**Goal of the exercise**
Below are records with pictures in them. Transcribe everything from the line containing "1950s Modern set" down to the line containing "Pics For > 1967", exactly, and leave the pictures behind.

**Material to process**

- - -

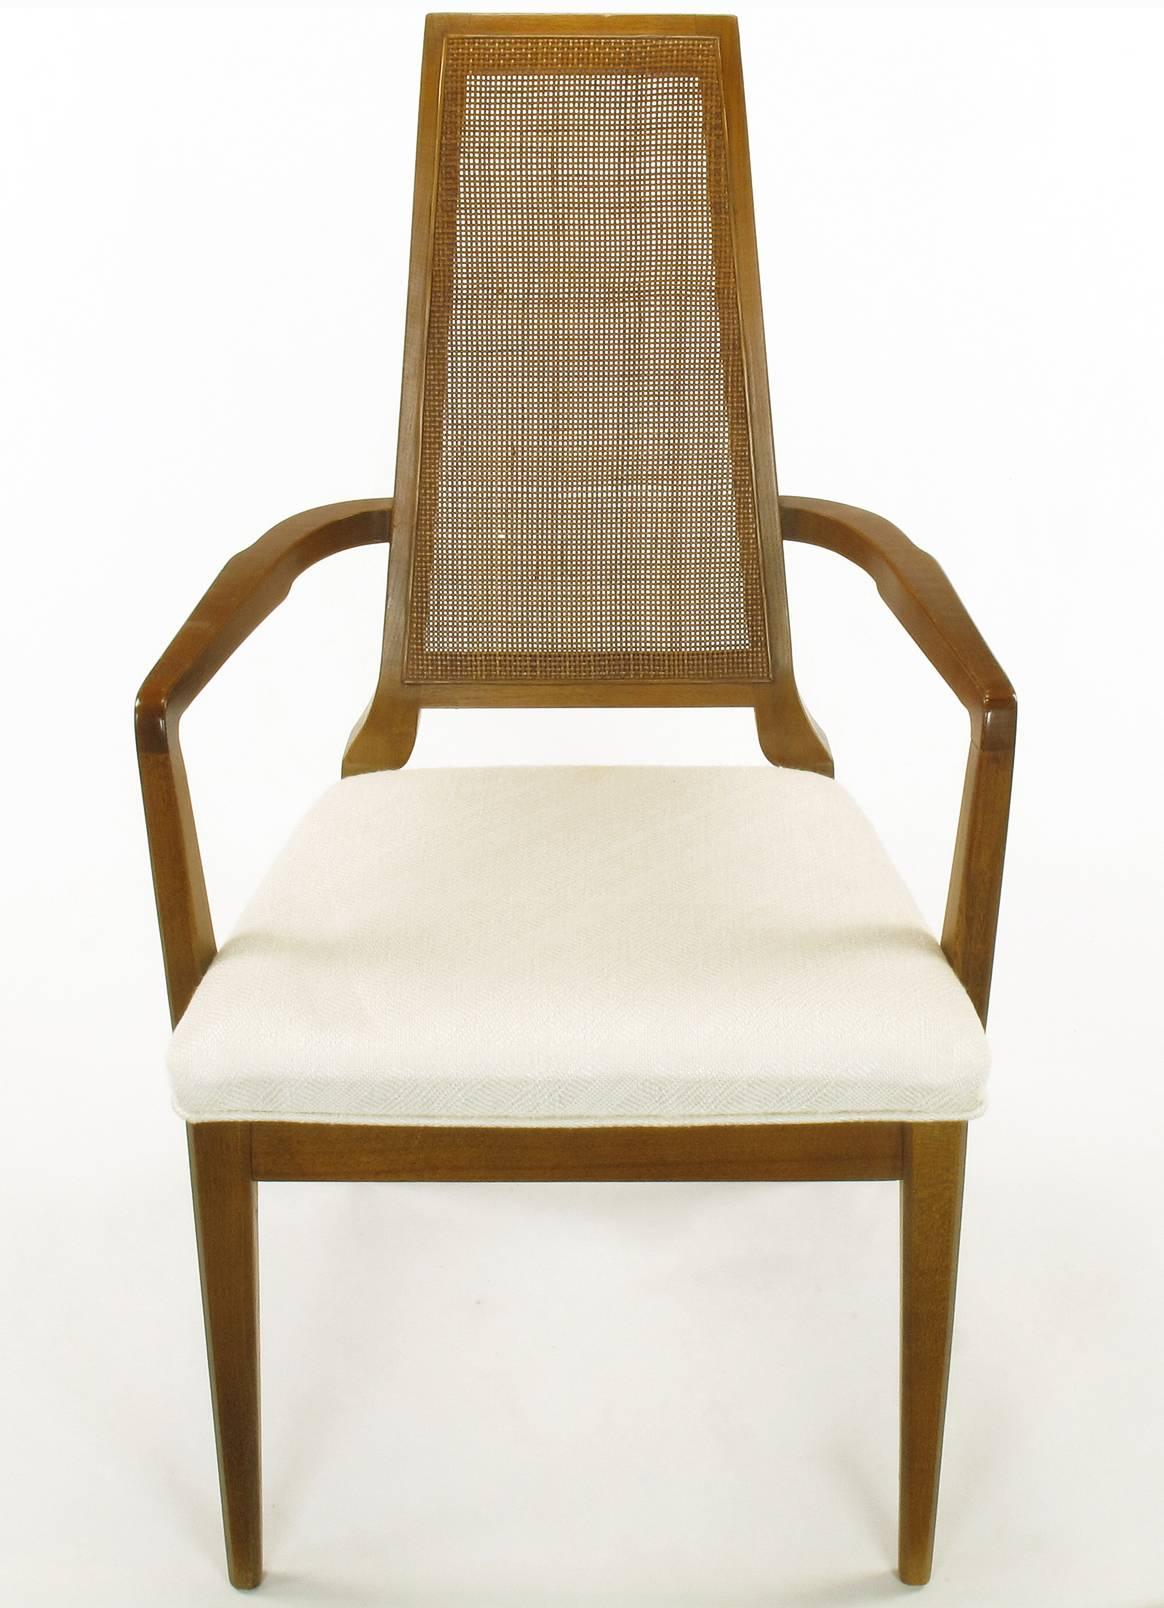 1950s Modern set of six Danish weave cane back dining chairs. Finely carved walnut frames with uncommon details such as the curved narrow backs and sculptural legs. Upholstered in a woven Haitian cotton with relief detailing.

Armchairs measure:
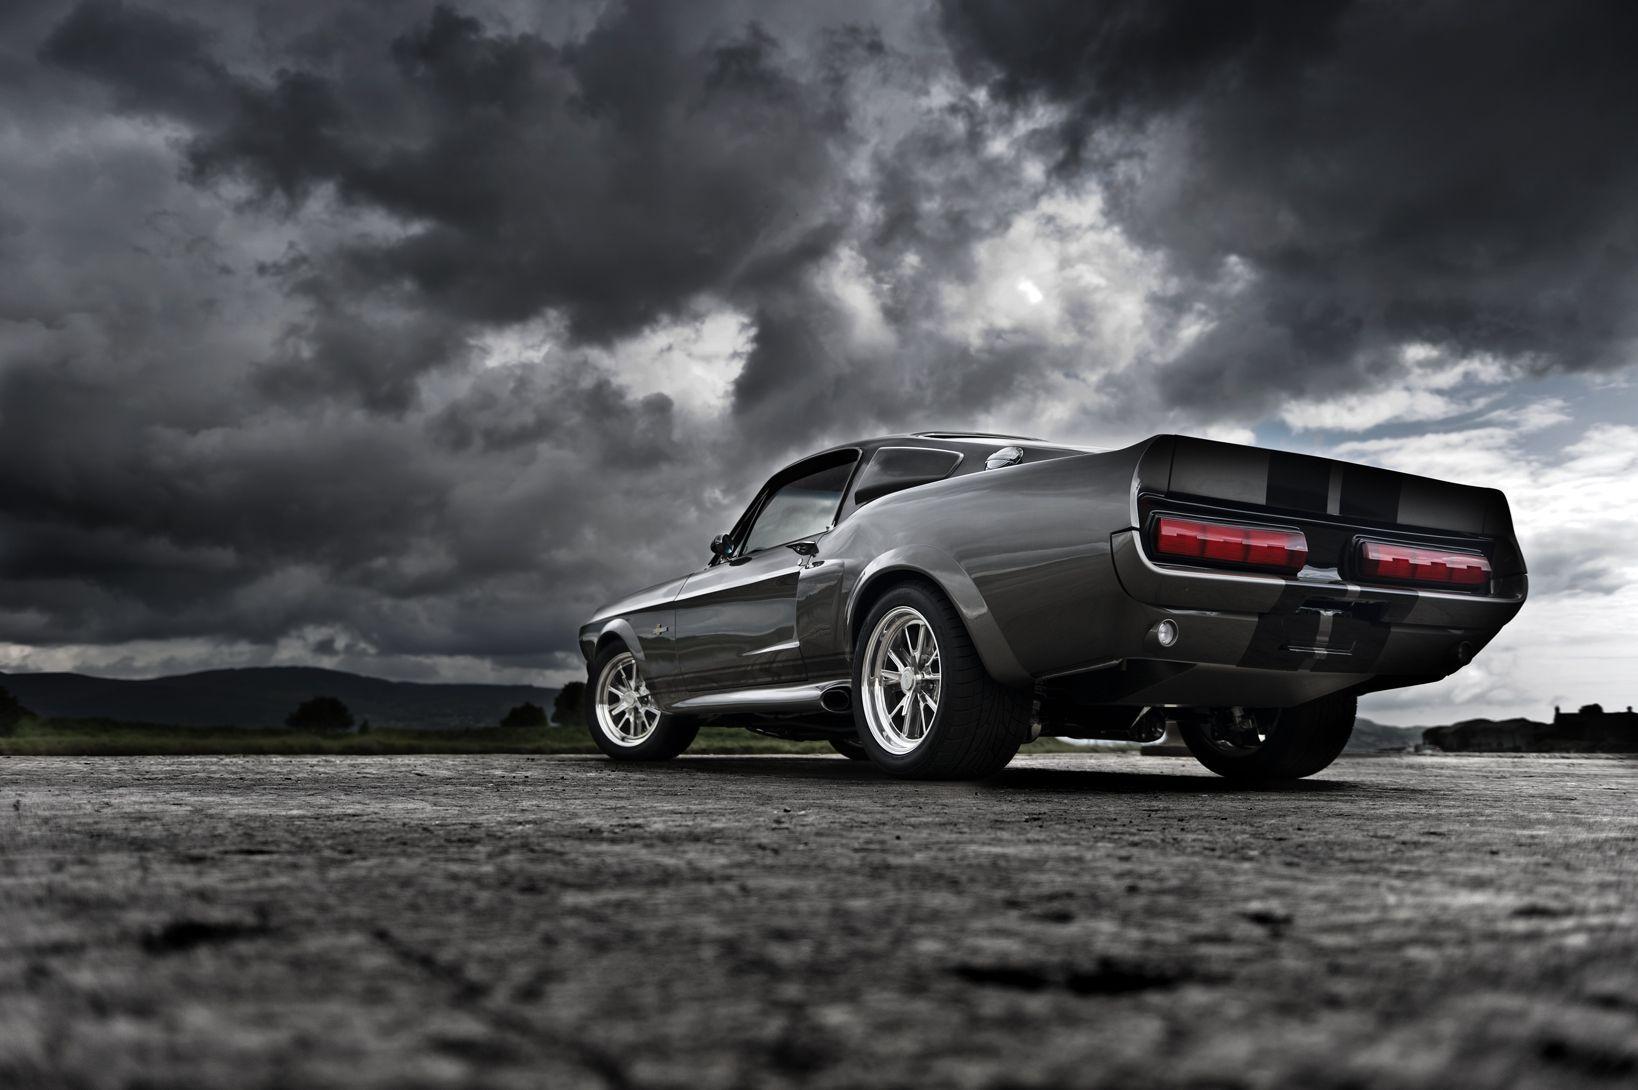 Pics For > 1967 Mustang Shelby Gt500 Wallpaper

- - -

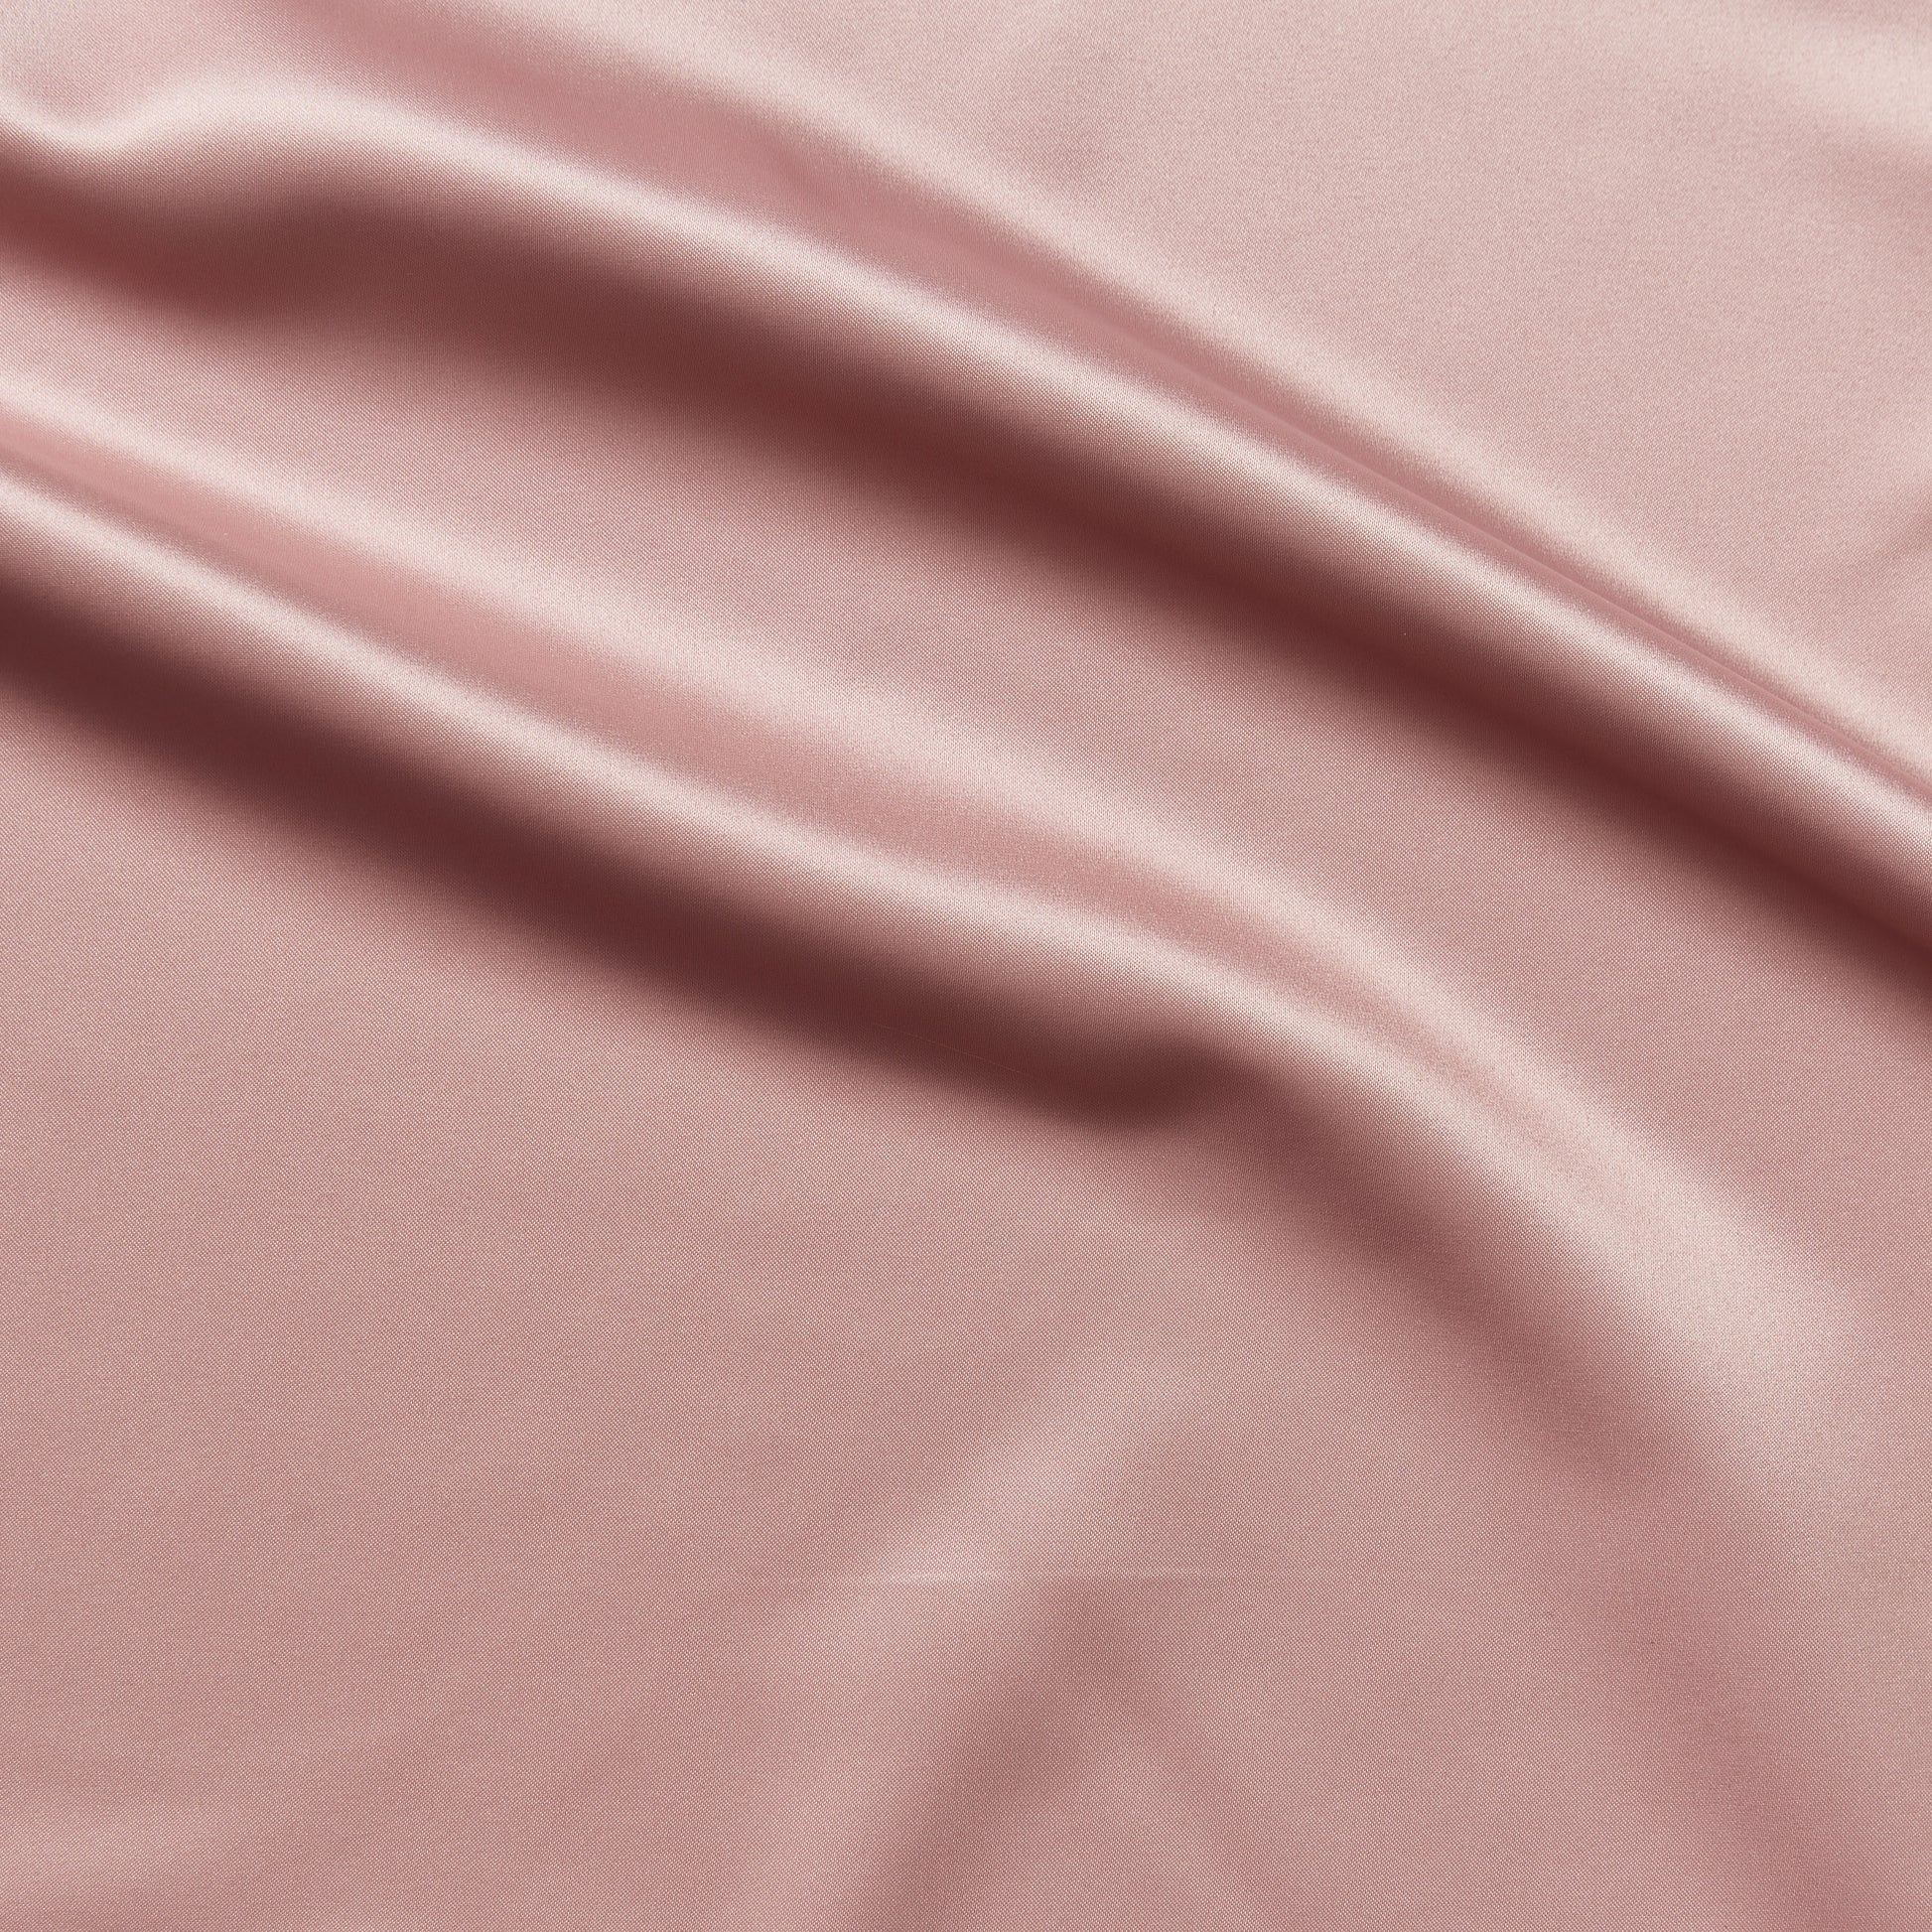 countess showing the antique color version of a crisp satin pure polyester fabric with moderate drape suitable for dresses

- - -

**Exercise solution**
 1950s Modern set of six Danish weave cane back dining chairs. Finely carved walnut frames with uncommon details such as the curved narrow backs and sculptural legs. Upholstered in a woven Haitian cotton with relief detailing.

Armchairs measure:
 Pics For > 1967 Mustang Shelby Gt500 Wallpaper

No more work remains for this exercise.